What, then, have we learnt so far from the pandemic? It may well be that the war between humans and viruses is just beginning. If it continues, the question is to what extent have governments and scientists learned in terms of preparing for the next attack. It would seem that, with a few exceptions, little was learnt from SARS-1.

The second thing we have learned is there has been a shift in the balance of world economic and political power towards China. The tentacles of Chinese power are reaching deep into the centre of many countries. How America and Europe deal with the emergence of an authoritarian super-state will be crucial. The way America has dealt with the pandemic is not just pathetic, it has been, to quote Fintan O’Toole, pitiful.

There will I think be many minor changes in the way we live our lives. In the way we work, communicate and travel. We will wash our hands more often. Embracing, hugging and shaking hands may die out. Wearing face masks in public may become common. But I suspect that the forces of the market and the media will be strong enough to bring about a rapid return to consumption. If there is anything like the boom of the 1920s, what will this do to the attempts to reduce carbon emissions.
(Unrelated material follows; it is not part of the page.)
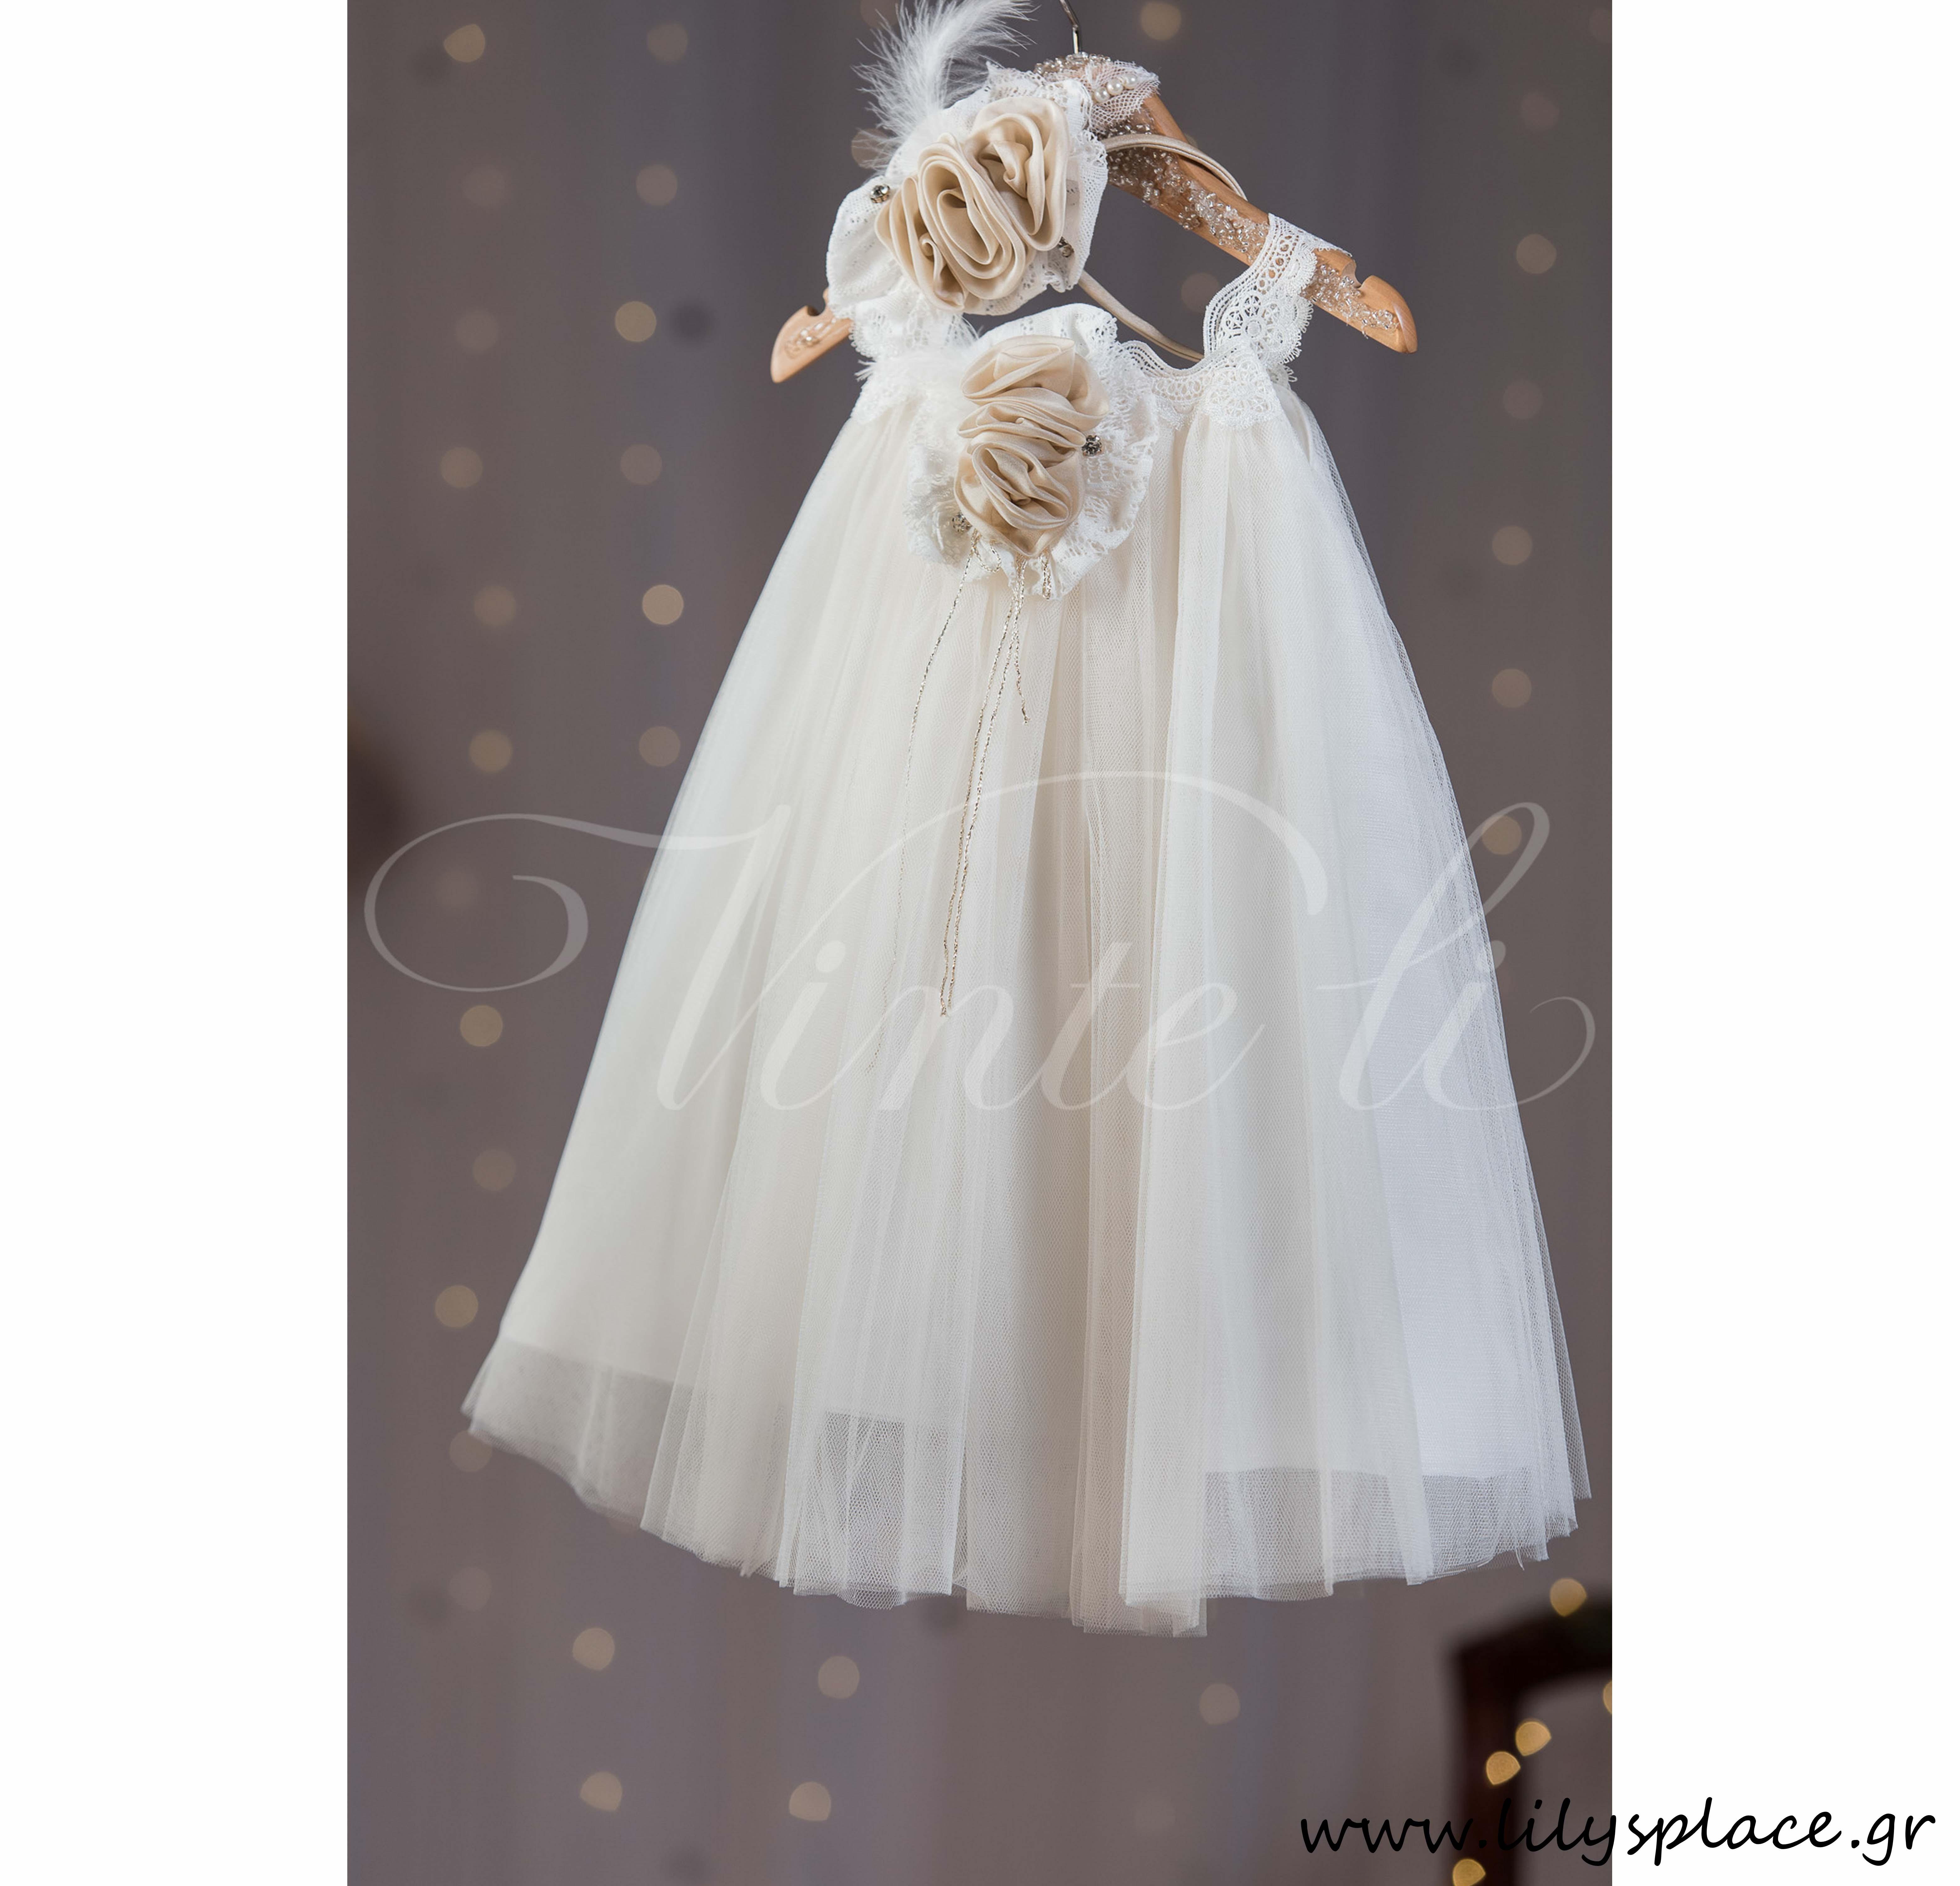 Φόρεμα βάπτισης με δαντέλα εκρού

The other change that has taken place, already very evident, is the decline in the role of religion in providing meaning and comfort and enabling people to bond together. When it came to understanding what was happening in their lives, people turned to scientists rather than priests and prophets. Scientists have become the new gurus. They explain how the virus works. They tell us how to live our lives. An opinion poll by LIFT found that 44 per cent of respondents said that health professionals had shown the greatest level of positive leadership during 2020. Faith-based groups, at 4 per cent, received the lowest rating.

There will be one other outcome. In the coming years, there will be an explosion of books, films, plays, novels, poems, artworks, songs and pieces of music which will try to explain and help us understand what this pandemic has been about. The two books under consideration are a good start.

1/3/2021

Tom Inglis is professor emeritus of sociology in UCD. His most recent book was To Love a Dog: The Story of One Man, One Dog and a Lifetime of Love and Mystery.